Заменив замок на ящике и, определив сам ящик на сохранение к соседям, Петькина мать, стала молиться, чтобы Господь вразумил вора и тот раскаялся. И Господь вразумил…
Вечером собирались солить капусту, которая в тот год уродилась как никогда. Пока старшие братья готовили деревянное корыто и банки под капусту, Петька взял здоровущий нож и отправился в сарай, где стоял электрический мотор с насаженным на него точильным кругом. Когда Петька, держа в руках нож, проходил мимо матери, та как-то рассеянно подумала, что нож больно огромный, в руках трудно удержать, надо бы поменьше купить, когда деньги будут.
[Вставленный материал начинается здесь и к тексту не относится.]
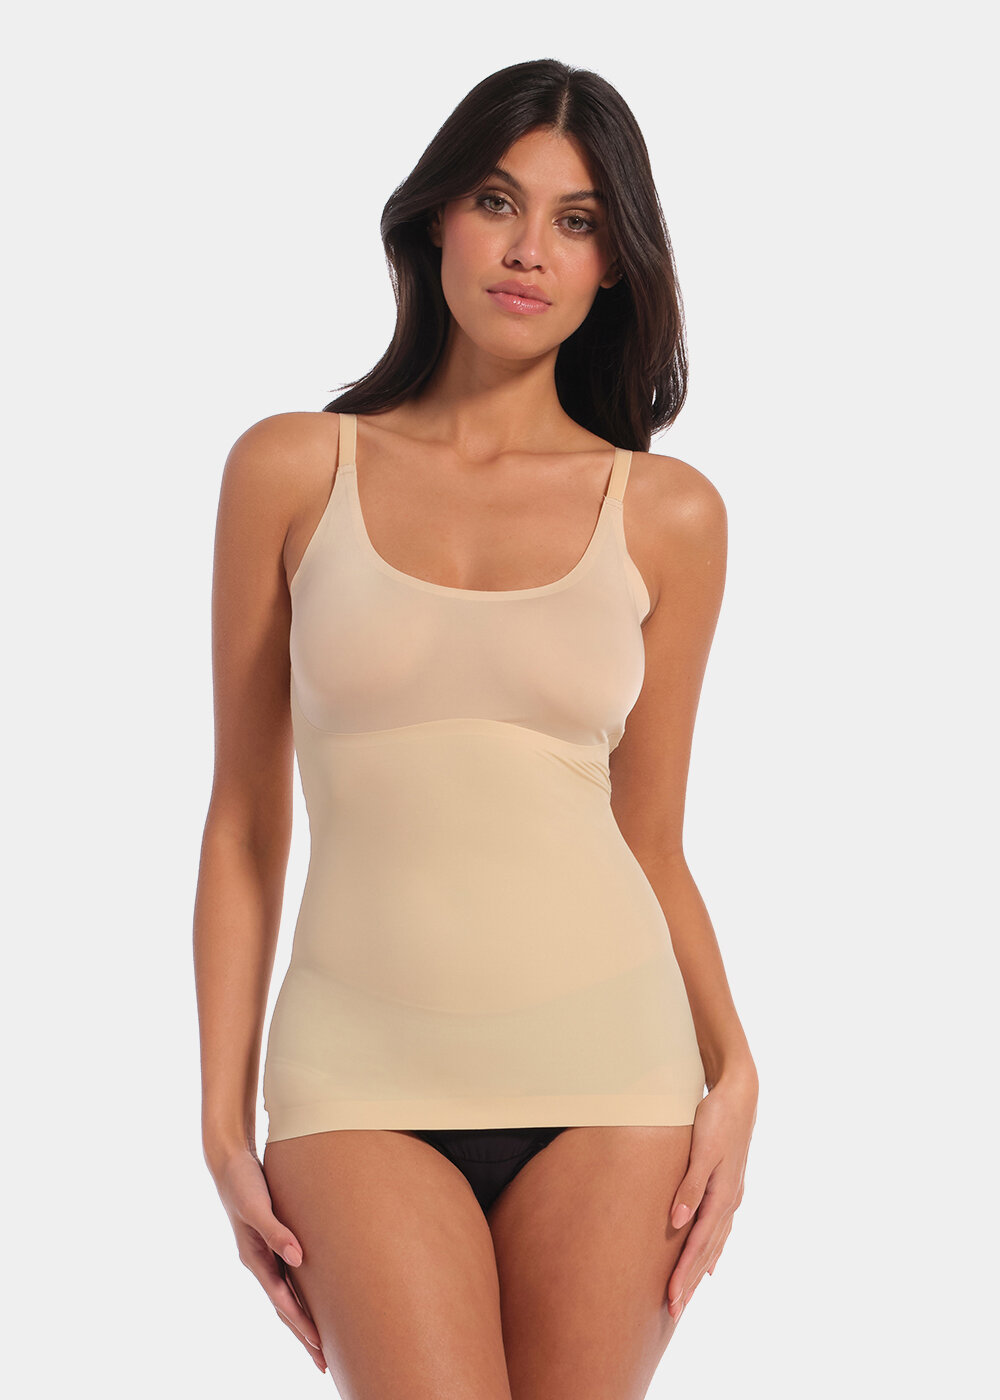 Thong Bodysuit for Women Tummy Control Backless Body Shaper, Sleeveless  Bodysuit Tank Tops (Color : White, Size : Medium)

Через пару минут, после того, как из открытой двери сарая послышался звук работающего мотора, раздался вскрик, и какой-то лязгающий звук. Мать выскочила во двор. Из сарая шел Петька, держа левой рукой правую, залитую кровью. Мать бросилась к нему: «Сынок! Что случилось? Что с рукой?» Петька отпустил руку, и пальцы правой руки повисли, болтаясь на коже, перерезанные огромным ножом почти полностью. Кровь хлестнула фонтаном из рассеченных сосудов. Мать заголосила, хватая сына за запястье и пытаясь приложить на место болтающиеся пальцы. На крик выскочили старшие сыновья. Игорь, соориентировавшись в одно мгновение, схватил первый попавшийся под руки шнурок и, перетянув туго запястье брата, тем самым как-то остановив кровь, крикнул среднему, Антошке: «Беги к соседу, пусть заводит машину, надо срочно в больницу его.»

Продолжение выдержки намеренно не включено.